Yes, those ads won't make impressions themselves, nor will people be able to
network socially, without the heroic contributions of SV risk-takers.

------
jval
Sad thing about this article is that it is amazing, and yet the last thirty
years has probably favoured well-credentialed people more so than any point in
history. While there's an argument to be made that this is now turning around
(and no doubt it should, and should have many years ago), I still think the
trend is moving in favour of credentialism rather than away from it.

I don't really know what can be done about it because as Nassim Taleb put it,
university degrees are like racketeering - bad for the collective but good for
the individual,[0] so unfortunately I think it will continue to get worse for
the foreseeable future at least. If you had disregarded everything this
article said in 1985 and gone straight to HBS followed by Goldman, you would
probably be sitting in your mansion right now and not care in the slightest
about the credentialism problem, entrepreneurship or Silicon Valley. Obviously
there's a ton of value judgments you can make about that, but the fact it is
true is a huge net negative for society, as we need to align prestige and
financial incentives around behaviours which are good for the collective.

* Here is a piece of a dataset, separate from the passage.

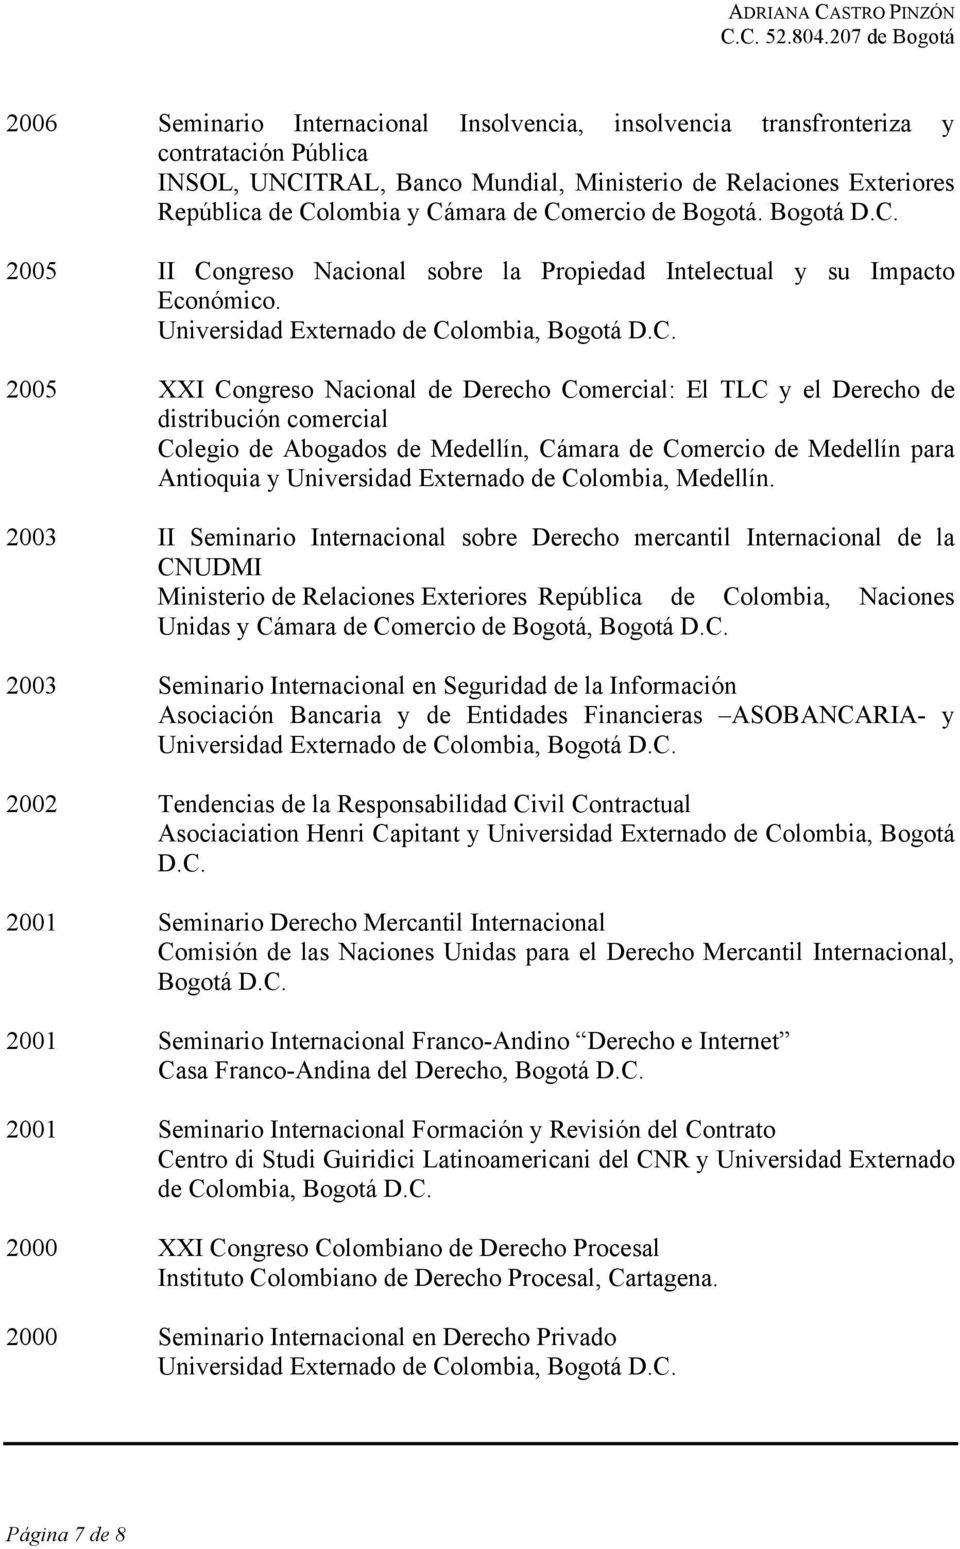 2003 II Seminario Internacional sobre Derecho mercantil Internacional de la CNUDMI Ministerio de Relaciones Exteriores República de Colombia, Naciones Unidas y Cámara de Comercio de Bogotá, Bogotá D.

Ultimately I think any solution to this problem would have to go back to the
root of it, which is the increasing strength of vested interests in Western
society who push for the creation of rents to perpetuate their wealth and
power. Ultimately that reality is what makes rent-seeking professions so
attractive, and in turn allows those professions to monopolise and 'rent seek
from rent-seeking', i.e. have a monopoly over rent-extraction in the same way
the law and investment banking does.

How you would solve that? ... well I don't know. Get some sort of 21st century
Theodore Roosevelt, I guess.

[0]
[https://www.facebook.com/permalink.php?id=13012333374&story_...](https://www.facebook.com/permalink.php?id=13012333374&story_fbid=10150962509078375)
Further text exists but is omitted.